Research StatusFailed
Error TypeInternal Server Error
Data AvailabilityNone
No specific financial metrics for S-1 preconditions could be retrieved. The research request, which aimed to identify key internal financial targets like OpenAI's quarterly GAAP net income or Anthropic's $26 billion annualized revenue run rate for late 2026 as prerequisites for S-1 filings, encountered an 'Internal Server Error' during its execution.
Consequently, the research process was unable to complete successfully. This technical issue directly prevented the extraction of any specific findings or data relevant to the intended question. As a result, no insights, statistics, or summaries can be provided from this particular research attempt.

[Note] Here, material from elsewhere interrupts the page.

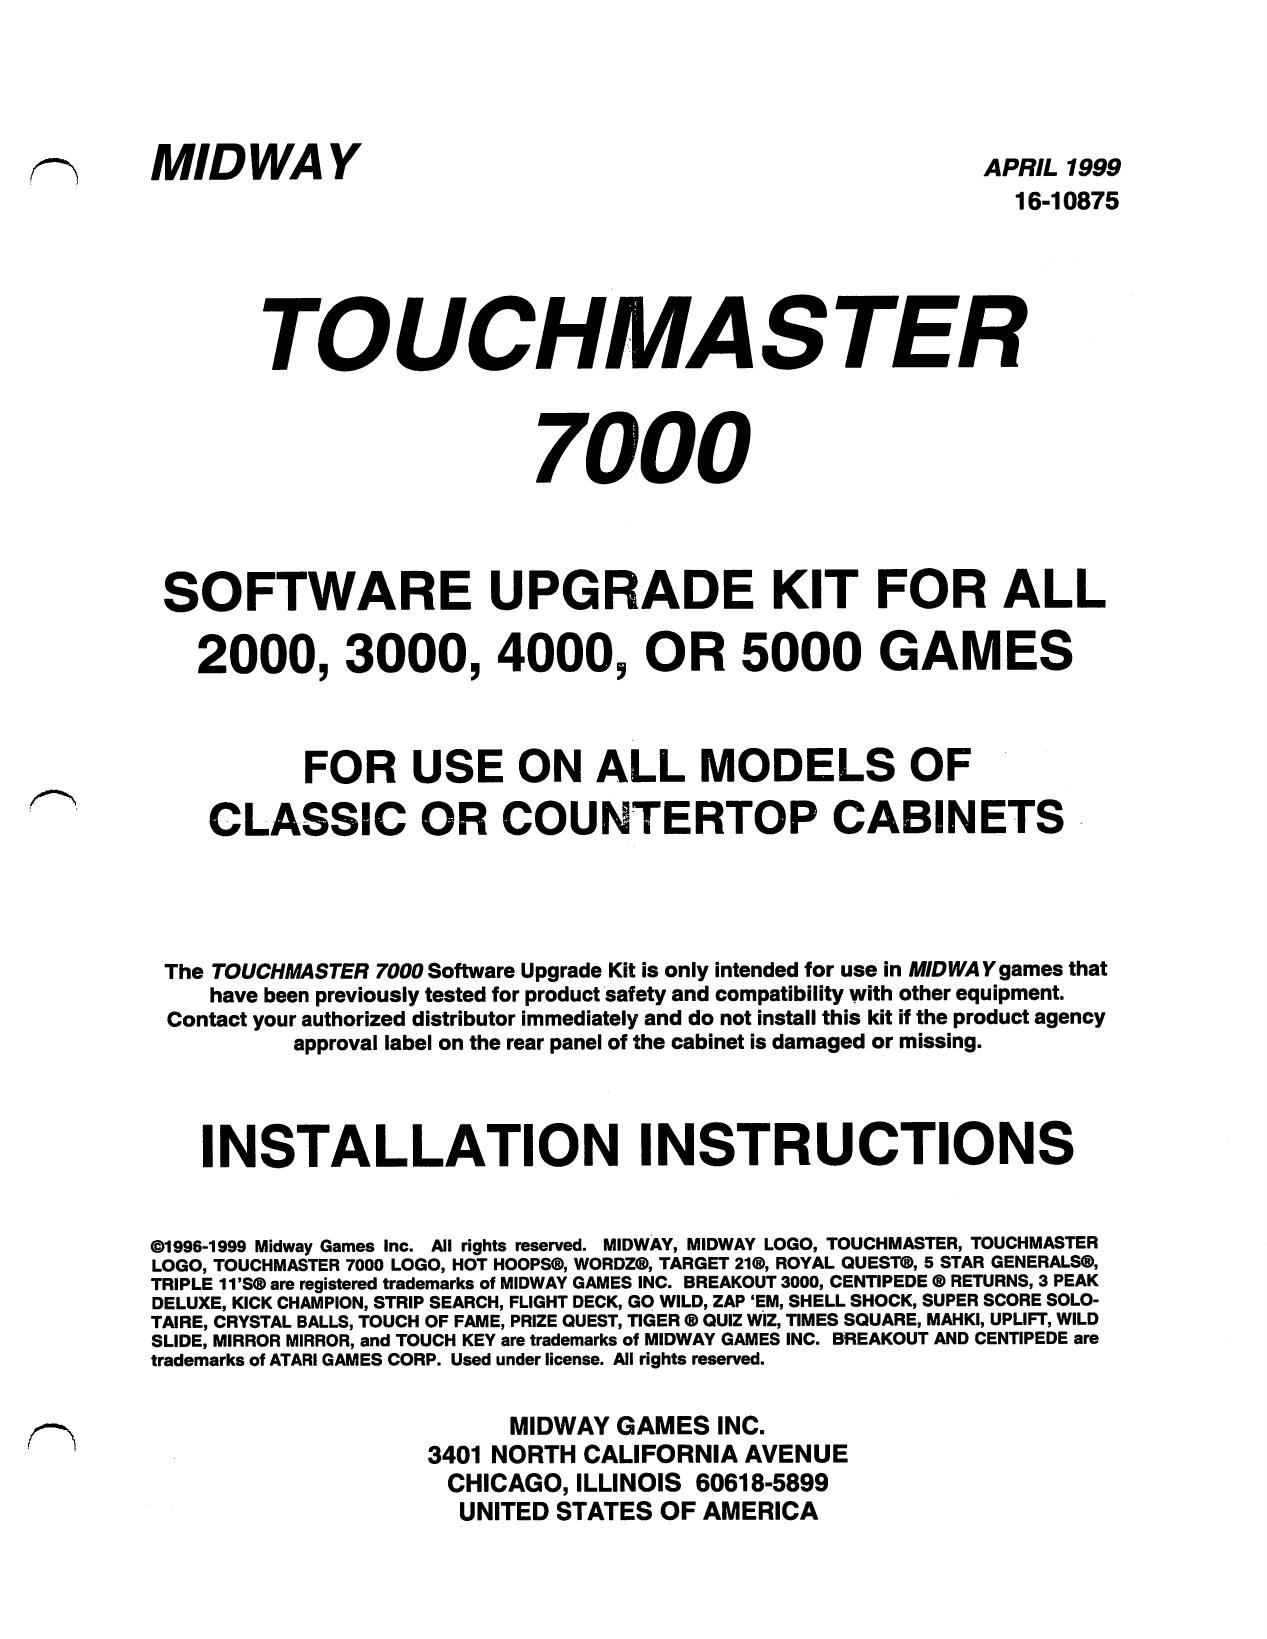 Touchmaster 7000 Software Upgrade April 1999 (16-10875)

10. What Could Change the Odds

Key Catalysts

OpenAI's likelihood of an earlier IPO could increase with a formal announcement of an S-1 filing, reportedly targeted for Q4 2026 with a possible listing in 2027 [^] . Key drivers include an accelerated path to profitability, moving its current 2029-2030 projection earlier, which would enhance investor appeal [^]. Major product breakthroughs, like new AI models or significant progress towards Artificial General Intelligence (AGI) such as an automated AI research intern by September 2026, could also solidify market dominance and investor confidence [^]. Additionally, further over-subscribed private funding rounds, explicitly linked to pre-IPO funding, would signal robust public market demand [^].
Conversely, Anthropic could achieve an earlier IPO if it makes a formal S-1 filing announcement ahead of OpenAI's reported 2026-2027 targets, with the company reportedly preparing for an IPO as early as 2026 [^] . Its projection to achieve positive cash flow and break even by 2028, potentially two years earlier than OpenAI, could make it a more attractive public investment sooner [^]. Accelerated revenue growth, exceeding $19 billion in March 2026, coupled with a rapidly reducing cash burn, further positions Anthropic for an expedited IPO [^]. Potential delays for OpenAI include its substantial projected cash burn, with operating losses of $8 billion in 2025 and cumulative losses of $115-$218 billion through 2029, or significant regulatory challenges [^]. The reversal of the U.S. DoD's "supply-chain risk" designation for Anthropic could also remove a potential hurdle, bolstering its public image and accelerating its path to market [^].

Key Dates & Catalysts

  • Expiration: January 08, 2040
  • Closes: January 01, 2040

11. Decision-Flipping Events

  • Trigger: OpenAI's likelihood of an earlier IPO could increase with a formal announcement of an S-1 filing, reportedly targeted for Q4 2026 with a possible listing in 2027 [^] .
  • Trigger: Key drivers include an accelerated path to profitability, moving its current 2029-2030 projection earlier, which would enhance investor appeal [^] .
  • Trigger: Major product breakthroughs, like new AI models or significant progress towards Artificial General Intelligence (AGI) such as an automated AI research intern by September 2026, could also solidify market dominance and investor confidence [^] .
  • Trigger: Additionally, further over-subscribed private funding rounds, explicitly linked to pre-IPO funding, would signal robust public market demand [^] .

13. Historical Resolutions

No historical resolution data available for this series.